Saturday, July 27, 2013

Plan for next milestone

So after the final (I hope it is the final one) version of VMX hypervisor patch is commited, we need another plan for the next milestone. The next one is about test cases for control bits in VM-Execution Control Fields and VM-Exit/VM-Entry Control Fields.


  1. Save and restore IA32_PAT and IA32_EFER in VM-Exit and VM-Entry. These two bits are defined in Intel SDM, bit 18-21 in Table 24-10 and bit 14-15 in Table 24-12. IA32_EFER should be tested separately in and out of IA32e mode.
  2. Test for VMX preemption timer. See details in Intel SDM "25.5.1 VMX-Preemption Timer", and bit 6 of Table 24-5.
  3. I/O bitmaps and exception bitmaps. Test if they act right.
  4. CR0/4 shadowing. See details in Intel SDM "24.6.6 Guest/Host Masks and Read Shadows for CR0 and CR4". CRx shadowing needs Haswell host, so as APICv and posted interrupts. Some related VMCS field is "CR0 guest/host mask", "CR4 guest/host mask", "CR0 read shadow" and "CR4 read shadow".
  5. Instruction intercepts. Test instruction intercepts of VMX ans their exit codes and information. See Table 24-6 and 24-7, as well as chapter Chapter 27.2 which describes the information when VM exit.

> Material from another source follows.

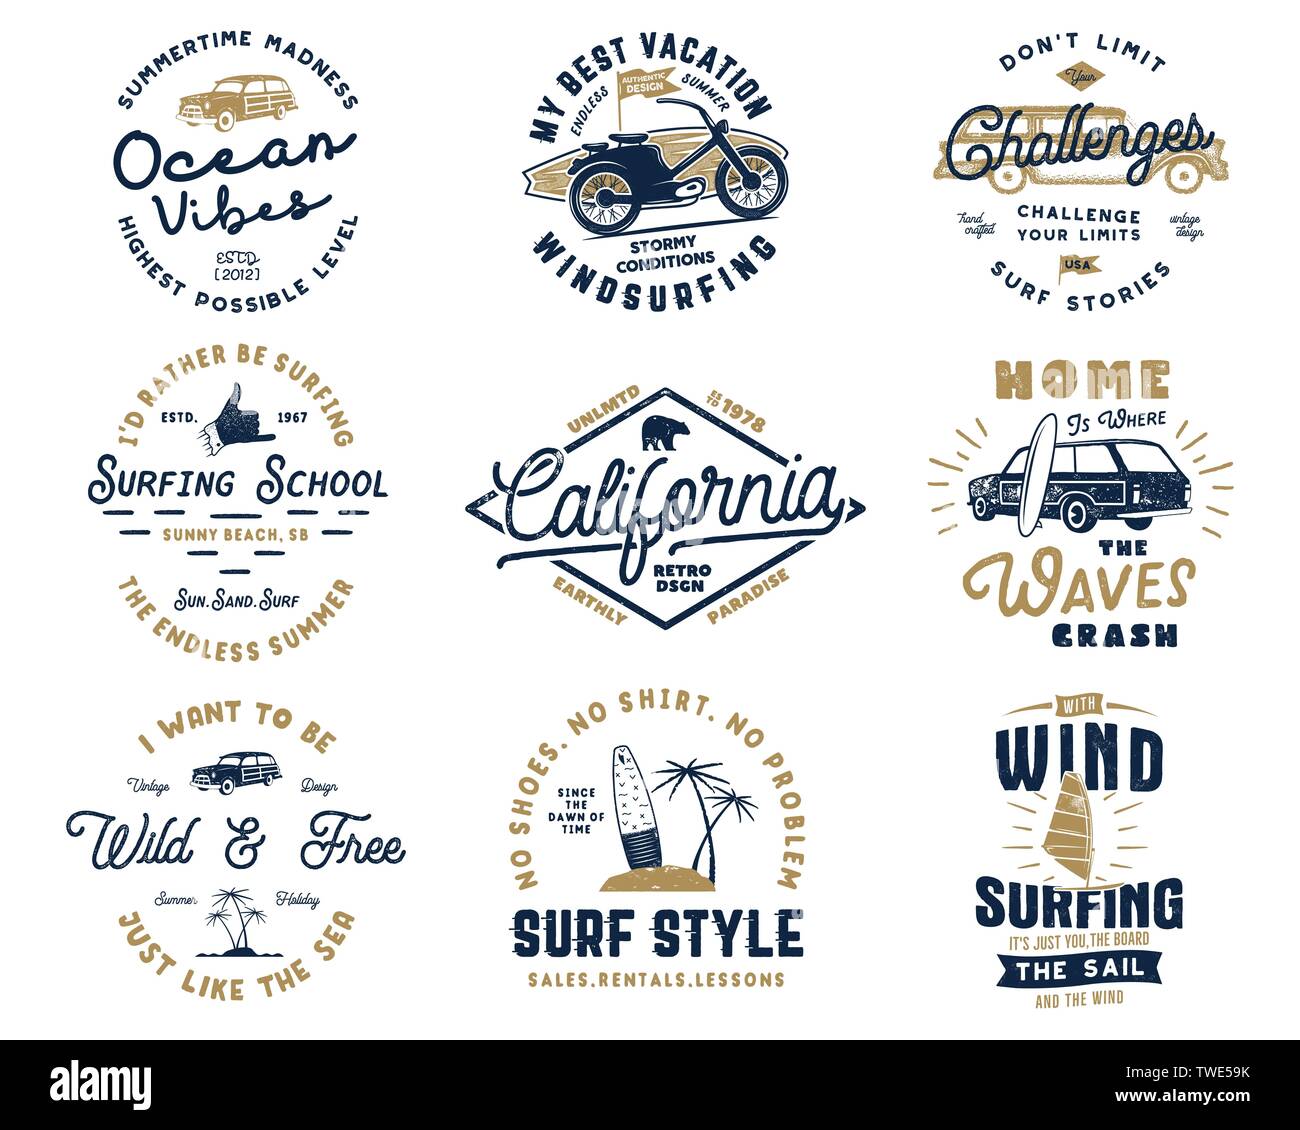 Vintage Surfing Graphics Set And Emblems For Web Design Or Print

Some instructions maybe host capabilities.
The test cases cited above needs to be put in some separate files, all basic tests are so simple that they can live in the same file, maybe in instruction_intercepts.c, entry-exit-control.c. I'd prefer to put them all in a sub-directory named nvmx.

All the relevant patches should be committed after the framework patch is in, but I will keep developing in my tree.

Saturday, July 13, 2013

Finally finished the first vmx hypervisor

I finally finished my first vmx hypervisor!

Mini-Hypervisor Milestone 2013/07/13

The job is too trivial to debug!!!

Now the VM can run and the VMCALL can call to vmx_entry and get the right VMEXIT reason. But calling to printf in VM fails and the VM blocks in someplace I don't know.

Well, goto sleep first :)

Checking and Loading Guest State When VMLAUNCH/VMRESUME

If all checks on the VMX controls and the host-state area pass, the following checks will take place in any order. Because VMX is entering Guest now, it will cause VMEXIT by loading host state fields in VMCS. So some exit reasons can be retrieved from VMCS exit reason.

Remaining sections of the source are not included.